| Work task |
Work out how many lines in the listing below include the word "large"; answer with the number alone.

========================

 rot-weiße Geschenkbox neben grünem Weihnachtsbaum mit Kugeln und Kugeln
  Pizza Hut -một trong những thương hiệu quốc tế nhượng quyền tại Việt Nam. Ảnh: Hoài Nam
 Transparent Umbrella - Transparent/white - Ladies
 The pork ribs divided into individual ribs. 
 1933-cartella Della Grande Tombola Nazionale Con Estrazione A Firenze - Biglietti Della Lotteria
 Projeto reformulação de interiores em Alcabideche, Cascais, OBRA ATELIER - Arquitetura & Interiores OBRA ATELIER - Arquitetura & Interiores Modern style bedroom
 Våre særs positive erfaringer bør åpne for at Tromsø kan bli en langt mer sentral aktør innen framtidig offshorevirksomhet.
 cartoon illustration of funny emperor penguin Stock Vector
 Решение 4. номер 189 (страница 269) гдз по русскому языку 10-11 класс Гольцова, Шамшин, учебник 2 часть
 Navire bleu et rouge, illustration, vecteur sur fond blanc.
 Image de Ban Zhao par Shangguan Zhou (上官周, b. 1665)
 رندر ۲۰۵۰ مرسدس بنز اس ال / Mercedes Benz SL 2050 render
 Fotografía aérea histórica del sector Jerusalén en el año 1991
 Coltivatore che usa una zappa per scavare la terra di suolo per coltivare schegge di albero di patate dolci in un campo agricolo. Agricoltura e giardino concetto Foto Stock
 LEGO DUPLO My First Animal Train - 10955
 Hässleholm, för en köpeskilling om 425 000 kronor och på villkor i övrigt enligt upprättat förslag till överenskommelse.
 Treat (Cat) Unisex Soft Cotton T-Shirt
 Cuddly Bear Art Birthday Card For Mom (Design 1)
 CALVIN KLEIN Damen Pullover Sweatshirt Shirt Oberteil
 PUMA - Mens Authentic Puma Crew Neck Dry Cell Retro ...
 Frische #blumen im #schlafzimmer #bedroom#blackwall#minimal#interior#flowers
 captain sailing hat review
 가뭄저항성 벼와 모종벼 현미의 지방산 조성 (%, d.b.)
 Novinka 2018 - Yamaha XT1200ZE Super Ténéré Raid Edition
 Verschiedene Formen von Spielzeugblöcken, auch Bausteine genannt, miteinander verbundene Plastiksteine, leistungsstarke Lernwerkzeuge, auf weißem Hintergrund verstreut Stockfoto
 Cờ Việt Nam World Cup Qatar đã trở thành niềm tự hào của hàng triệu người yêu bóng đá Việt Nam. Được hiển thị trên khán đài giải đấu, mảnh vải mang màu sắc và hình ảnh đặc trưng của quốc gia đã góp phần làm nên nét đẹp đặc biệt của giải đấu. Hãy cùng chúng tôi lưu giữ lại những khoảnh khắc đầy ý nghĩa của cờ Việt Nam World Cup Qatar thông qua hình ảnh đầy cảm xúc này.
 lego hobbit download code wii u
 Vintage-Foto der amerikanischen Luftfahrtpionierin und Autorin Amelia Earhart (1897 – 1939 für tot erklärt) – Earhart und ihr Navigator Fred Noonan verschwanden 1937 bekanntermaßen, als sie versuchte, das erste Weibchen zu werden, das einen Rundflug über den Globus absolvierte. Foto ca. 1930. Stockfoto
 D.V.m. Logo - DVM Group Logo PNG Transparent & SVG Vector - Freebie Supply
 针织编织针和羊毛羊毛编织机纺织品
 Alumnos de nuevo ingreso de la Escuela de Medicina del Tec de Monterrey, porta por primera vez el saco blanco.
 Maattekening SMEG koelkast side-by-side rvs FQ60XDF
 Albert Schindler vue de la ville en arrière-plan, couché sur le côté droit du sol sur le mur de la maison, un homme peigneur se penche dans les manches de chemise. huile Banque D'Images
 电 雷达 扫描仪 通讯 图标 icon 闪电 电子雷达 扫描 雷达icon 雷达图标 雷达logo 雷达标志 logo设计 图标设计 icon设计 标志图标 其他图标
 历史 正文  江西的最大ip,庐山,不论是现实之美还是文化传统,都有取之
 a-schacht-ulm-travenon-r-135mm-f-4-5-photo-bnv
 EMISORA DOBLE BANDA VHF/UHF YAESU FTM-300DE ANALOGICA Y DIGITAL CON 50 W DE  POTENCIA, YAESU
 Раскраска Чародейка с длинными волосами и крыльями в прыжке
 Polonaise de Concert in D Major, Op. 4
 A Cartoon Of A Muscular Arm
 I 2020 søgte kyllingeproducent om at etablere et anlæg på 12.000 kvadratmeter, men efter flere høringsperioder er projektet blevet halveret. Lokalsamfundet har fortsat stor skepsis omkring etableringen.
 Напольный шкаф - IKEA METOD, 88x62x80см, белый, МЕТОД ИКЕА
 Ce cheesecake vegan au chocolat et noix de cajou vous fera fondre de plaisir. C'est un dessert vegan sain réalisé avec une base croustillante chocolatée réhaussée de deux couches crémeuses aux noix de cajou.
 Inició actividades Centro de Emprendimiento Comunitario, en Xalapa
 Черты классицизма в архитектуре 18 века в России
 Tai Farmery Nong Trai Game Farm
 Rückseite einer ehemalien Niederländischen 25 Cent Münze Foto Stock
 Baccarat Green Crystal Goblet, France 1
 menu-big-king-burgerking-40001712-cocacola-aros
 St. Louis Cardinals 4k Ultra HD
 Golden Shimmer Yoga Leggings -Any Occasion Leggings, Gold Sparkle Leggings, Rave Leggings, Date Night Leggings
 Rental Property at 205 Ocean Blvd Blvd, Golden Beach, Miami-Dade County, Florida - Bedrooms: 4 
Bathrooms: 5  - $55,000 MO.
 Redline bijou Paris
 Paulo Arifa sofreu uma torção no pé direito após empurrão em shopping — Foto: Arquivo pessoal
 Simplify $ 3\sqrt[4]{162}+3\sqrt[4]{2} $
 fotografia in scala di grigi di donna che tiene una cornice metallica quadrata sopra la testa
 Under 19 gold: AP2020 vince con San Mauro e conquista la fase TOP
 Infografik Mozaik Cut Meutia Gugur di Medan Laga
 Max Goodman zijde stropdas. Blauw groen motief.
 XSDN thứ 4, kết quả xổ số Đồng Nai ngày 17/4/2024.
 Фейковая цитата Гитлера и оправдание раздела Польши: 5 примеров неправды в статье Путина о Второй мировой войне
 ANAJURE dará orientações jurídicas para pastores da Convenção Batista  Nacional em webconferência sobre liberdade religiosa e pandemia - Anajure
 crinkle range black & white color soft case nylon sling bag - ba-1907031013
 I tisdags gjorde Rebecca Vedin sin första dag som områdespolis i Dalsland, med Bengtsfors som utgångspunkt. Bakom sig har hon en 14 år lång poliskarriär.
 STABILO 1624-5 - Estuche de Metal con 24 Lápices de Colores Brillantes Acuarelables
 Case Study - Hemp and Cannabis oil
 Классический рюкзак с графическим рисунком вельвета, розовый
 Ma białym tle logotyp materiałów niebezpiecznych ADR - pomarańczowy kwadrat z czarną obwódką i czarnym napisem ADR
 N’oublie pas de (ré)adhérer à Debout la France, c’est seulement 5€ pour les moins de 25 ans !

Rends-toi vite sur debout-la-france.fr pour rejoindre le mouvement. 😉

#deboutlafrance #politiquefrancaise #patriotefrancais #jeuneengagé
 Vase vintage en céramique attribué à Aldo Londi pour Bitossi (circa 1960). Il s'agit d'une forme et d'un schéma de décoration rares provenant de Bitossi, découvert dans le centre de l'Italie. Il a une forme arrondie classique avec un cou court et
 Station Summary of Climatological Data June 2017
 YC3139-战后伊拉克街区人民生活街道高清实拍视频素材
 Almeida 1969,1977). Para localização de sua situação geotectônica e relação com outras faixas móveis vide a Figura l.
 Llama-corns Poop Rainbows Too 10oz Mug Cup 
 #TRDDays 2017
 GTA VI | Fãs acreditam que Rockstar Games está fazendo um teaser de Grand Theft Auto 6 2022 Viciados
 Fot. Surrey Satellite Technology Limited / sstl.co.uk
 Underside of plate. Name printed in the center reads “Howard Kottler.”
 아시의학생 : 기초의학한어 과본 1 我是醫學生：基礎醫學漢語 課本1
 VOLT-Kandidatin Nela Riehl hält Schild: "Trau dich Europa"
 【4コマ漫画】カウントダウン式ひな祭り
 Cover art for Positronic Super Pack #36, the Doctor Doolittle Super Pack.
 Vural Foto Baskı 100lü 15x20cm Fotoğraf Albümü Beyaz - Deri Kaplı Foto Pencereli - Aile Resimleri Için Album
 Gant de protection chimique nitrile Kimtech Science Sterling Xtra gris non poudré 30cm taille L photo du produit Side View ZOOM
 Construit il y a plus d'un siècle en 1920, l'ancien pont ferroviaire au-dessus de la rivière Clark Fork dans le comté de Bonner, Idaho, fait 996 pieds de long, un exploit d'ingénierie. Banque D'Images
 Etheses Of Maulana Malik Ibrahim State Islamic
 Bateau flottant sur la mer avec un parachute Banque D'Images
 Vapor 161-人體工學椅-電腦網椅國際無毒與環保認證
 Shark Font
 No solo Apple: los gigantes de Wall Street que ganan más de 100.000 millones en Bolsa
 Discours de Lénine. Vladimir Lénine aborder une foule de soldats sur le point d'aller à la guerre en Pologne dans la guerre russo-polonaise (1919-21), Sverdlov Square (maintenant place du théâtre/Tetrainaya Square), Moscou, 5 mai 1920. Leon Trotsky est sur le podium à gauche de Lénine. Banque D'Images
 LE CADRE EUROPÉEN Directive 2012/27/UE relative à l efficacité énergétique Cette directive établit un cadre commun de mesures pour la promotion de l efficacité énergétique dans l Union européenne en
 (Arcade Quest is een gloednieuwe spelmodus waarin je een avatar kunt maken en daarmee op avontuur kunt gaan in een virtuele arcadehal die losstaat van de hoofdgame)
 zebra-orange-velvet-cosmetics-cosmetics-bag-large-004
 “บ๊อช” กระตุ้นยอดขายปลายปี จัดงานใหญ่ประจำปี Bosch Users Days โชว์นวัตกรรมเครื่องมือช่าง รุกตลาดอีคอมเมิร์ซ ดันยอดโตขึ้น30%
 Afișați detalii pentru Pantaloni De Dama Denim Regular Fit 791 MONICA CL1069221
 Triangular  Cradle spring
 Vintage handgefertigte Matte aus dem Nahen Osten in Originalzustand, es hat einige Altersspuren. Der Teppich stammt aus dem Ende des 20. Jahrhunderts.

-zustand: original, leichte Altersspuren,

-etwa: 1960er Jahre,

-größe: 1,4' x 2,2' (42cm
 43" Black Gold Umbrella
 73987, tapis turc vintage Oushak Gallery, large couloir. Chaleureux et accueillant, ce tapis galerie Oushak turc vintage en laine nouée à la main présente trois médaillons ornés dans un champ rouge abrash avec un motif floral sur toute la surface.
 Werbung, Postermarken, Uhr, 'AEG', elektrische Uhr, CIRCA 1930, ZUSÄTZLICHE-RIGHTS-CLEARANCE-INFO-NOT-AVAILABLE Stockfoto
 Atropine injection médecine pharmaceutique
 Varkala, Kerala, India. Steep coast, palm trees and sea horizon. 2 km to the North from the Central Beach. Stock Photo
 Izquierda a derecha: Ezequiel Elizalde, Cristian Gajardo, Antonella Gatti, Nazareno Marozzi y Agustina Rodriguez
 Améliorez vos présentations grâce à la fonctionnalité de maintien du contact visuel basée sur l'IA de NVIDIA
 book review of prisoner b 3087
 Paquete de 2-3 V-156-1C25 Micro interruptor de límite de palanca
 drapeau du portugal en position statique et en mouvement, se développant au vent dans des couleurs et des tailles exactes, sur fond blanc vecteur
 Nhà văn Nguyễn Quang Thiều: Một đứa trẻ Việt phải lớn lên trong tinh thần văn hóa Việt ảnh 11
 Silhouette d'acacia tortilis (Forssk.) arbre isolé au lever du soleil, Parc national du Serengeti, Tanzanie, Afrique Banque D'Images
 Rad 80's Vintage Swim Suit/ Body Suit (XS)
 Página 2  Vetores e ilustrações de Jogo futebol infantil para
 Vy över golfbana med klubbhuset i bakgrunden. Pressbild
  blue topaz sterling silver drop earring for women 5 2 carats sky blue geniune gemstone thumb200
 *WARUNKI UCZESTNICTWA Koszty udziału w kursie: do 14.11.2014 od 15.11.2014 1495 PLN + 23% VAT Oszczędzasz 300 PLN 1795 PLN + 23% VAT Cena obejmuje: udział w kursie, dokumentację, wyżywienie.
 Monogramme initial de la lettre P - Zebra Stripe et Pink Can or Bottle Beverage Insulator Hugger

========================

| Result of this task |
2